Plus raisonnablement, la pauvre femme éreintée par de multiples tâches devait-elle expédier les soins à la mouflette, décidée à l'emmerder, en déclarant cette varicelle tardive.
La même réactivation de ces deux flambées inassouvies ne se laissera pas cette fois sans dommage traiter par dessus la jambe. Je le sens bien. 
Déjà, mes terminaisons auditives abimées ne se souviennent que trop bien de la rancune de la mère maquerelle, euh, non... varicelle !
Je dois prendre la requête en considération. En tenir un compte suffisant.
Ce petit piquet de grève improvisé s'inscrit dans la trajectoire déjà bien amorcée.
Je m'en serais passée. Je n'attends plus confirmation de ma vulnérabilité. Cette dernière démonstration est superflue. La prise de conscience est consommée.
Malheureusement, je ne suis pas aux manettes, semblerait. On me met le curseur, et pas à ma guise.
Alors, je louvoie là dedans de mon mieux.
A aujourd'hui, les bouillons en cratère d'une nappe en fusion s'assèchent, et rentrent sagement sous une cape brunâtre assez peu ragoûtante, mais bien plus confortable.
Je peux même m'appuyer contre le dossier, sans sursauter.
La dernière nuit a été bien meilleure que la précédente, qui fût blanche.

Je garde bon espoir.
Le circuit sanguin échauffé sous ma peau ne l'est pas davantage que les circonvolutions neuronales grésillant dans mon cerveau.
Tout comme elles, il baissera en température.
La science académique n'explique pas tout. Elle admet et intègre un enseignement empirique qui lui fait bon complément.
A eux deux, ils devraient me sortir de ce mauvais pas.


19h18

Jeannot a renouvelé avec moi le rituel décontaminant.
Ce "mal donné" sera renvoyé dans les cordes. Alléluia !
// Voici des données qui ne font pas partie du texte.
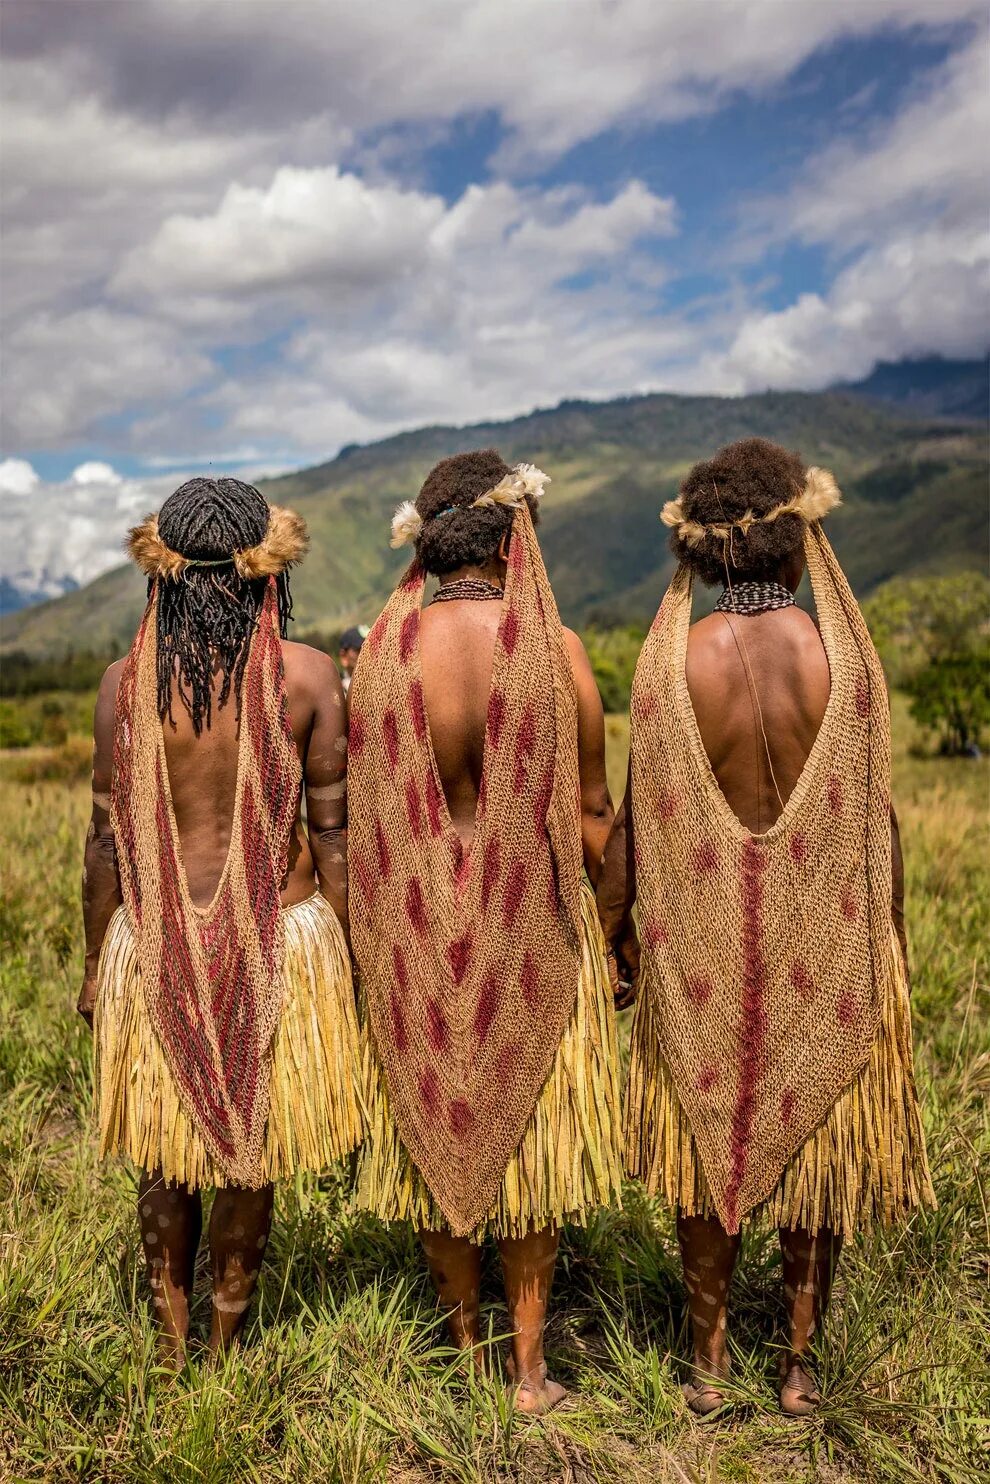 Племя Дани новая Гвинея. Дикие Папуасы новой Гвинеи. Аборигены одежда женская.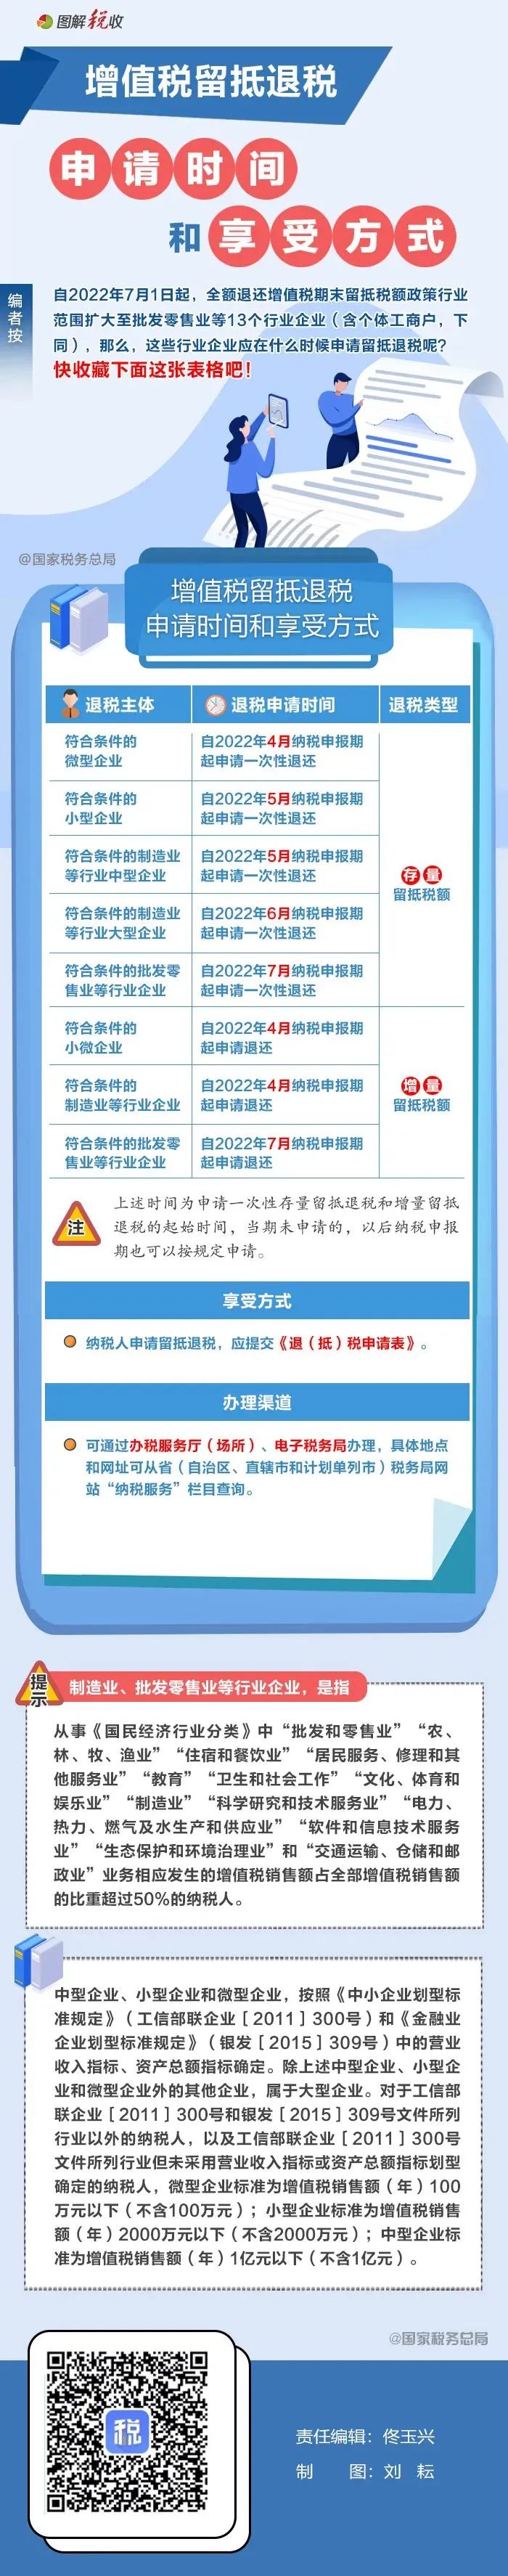 7项措施助力稳就业行动、进出京新政、上海医保新动作、长沙提高养老金......

En plus du réconfort de se savoir accueillie et soutenue, j'ai ajouté à la thérapie l'agrément d'une lente promenade en forêt avec Olivier et les chiens.
Le soleil d'aujourd'hui anime une végétation encore grisée de boue.
Nous avons regardé dans l'anse de la clairière, l'eau plane où les silhouettes des chênes se mirent.
L'agitation, les doutes et les tourments glissent là dessus et n'y font pas empreinte.

Sous ma peau encore grumeleuse, je sens le satin d'une douceur toute proche.
Un peu de patience encore, quelques semaines à tenir.
Je résiste à l'envie de gratter. Je laisse le travail œuvrer là dessous. Le mal mûri ne s'enkystera plus. Il aura accompli son devoir, et me rendra mes droits.